Very nice!! Is the R-Line front bumper an original VW bumper, or did you buy a body kit? 


Sent from my iPhone using Tapatalk


----------



## L179 (Apr 15, 2020)

Reihenmotor5 said:


> Looks nice! Congrats!
> 
> Thank You!


----------



## L179 (Apr 15, 2020)

D3Audi said:


> Very nice!! Is the R-Line front bumper an original VW bumper, or did you buy a body kit?
> 
> 
> Thanks! I bought an aftermarket bumper, since I can't find the used original VW R-Line bumper..


----------



## D3Audi (Feb 18, 2016)

L179 said:


> D3Audi said:
> 
> 
> > Very nice!! Is the R-Line front bumper an original VW bumper, or did you buy a body kit?
> ...


----------



## L179 (Apr 15, 2020)

D3Audi said:


> L179 said:
> 
> 
> > Did you get it on aliexpress?
> ...


----------



## blackfunk (Jul 11, 2012)

Nice. LED lights and wheels really set it off. 
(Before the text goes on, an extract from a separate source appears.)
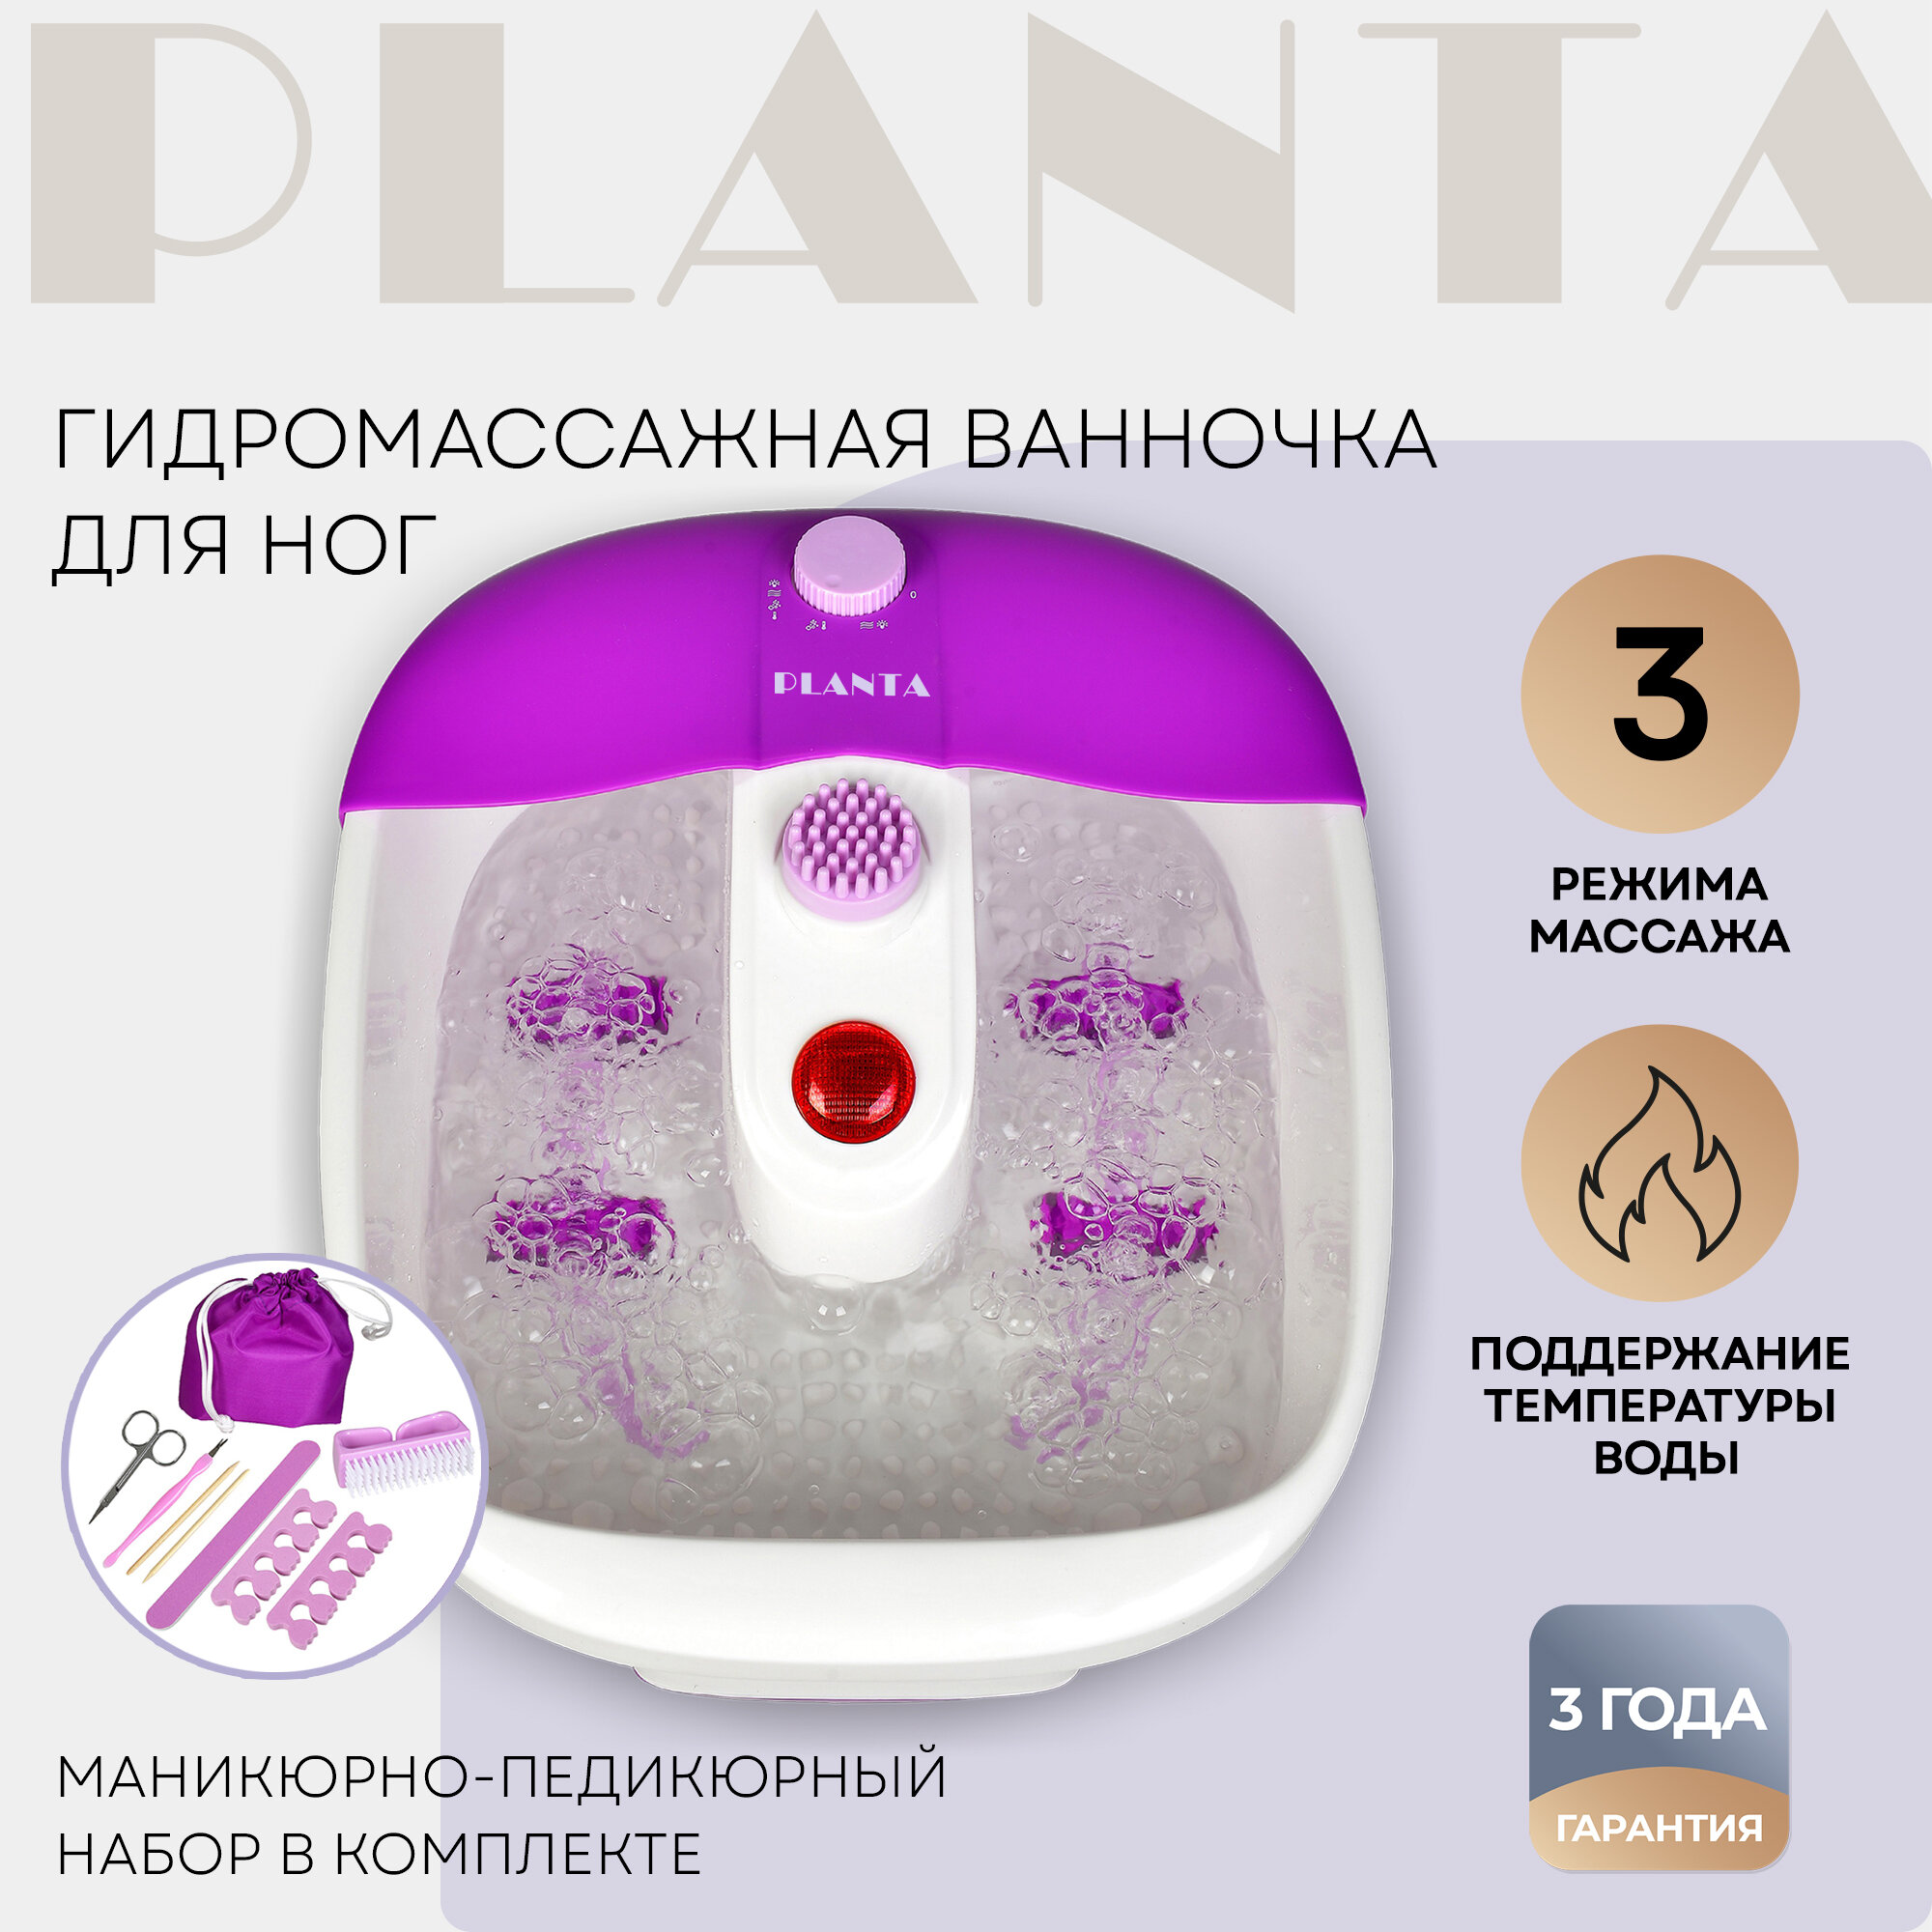 Гидромассажная ванночка для ног Planta - фото №1

Sent from my SM-N950U using Tapatalk


----------



## SmartAssBill (Jun 27, 2016)

Looks awesome!! Great job!!

Sent from my LM-G820 using Tapatalk


----------



## L179 (Apr 15, 2020)

Thanks! @SmartAssBill @blackfunk


----------



## HappyTiggy (Apr 11, 2020)

Well done! Looks awesome!


----------



## L179 (Apr 15, 2020)

HappyTiggy said:


> Well done! Looks awesome!


Thank You!


----------



## Kushdaiin (Feb 24, 2012)

Looks great! What’re you doing with the old bumper? Curious about your original sport style bumper, specifically the lower trim. 


Sent from my iPhone using Tapatalk


----------



## L179 (Apr 15, 2020)

Kushdaiin said:


> Looks great! What’re you doing with the old bumper? Curious about your original sport style bumper, specifically the lower trim.
> 
> 
> Sent from my iPhone using Tapatalk


I just keep the old bumper, I repaint the lower trim and the wheel arches into white too..


----------



## L179 (Apr 15, 2020)

HI, maybe anyone have this item? Would love to buy it!
Brand new or second hand it's okay.

Thank You


----------



## Reihenmotor5 (Dec 1, 2006)

Can be found on eBay and AliExpress


Sent from my iPhone using Tapatalk


----------



## L179 (Apr 15, 2020)

Reihenmotor5 said:


> Can be found on eBay and AliExpress
> 
> 
> Sent from my iPhone using Tapatalk


Hi, I cannot find one  maybe if you have seen it somewhere, would you mind to send me the link?

Thanks!


----------



## Reihenmotor5 (Dec 1, 2006)

Try searching Google also for Tiguan R Line Steering wheel emblem insert, that will provide options. 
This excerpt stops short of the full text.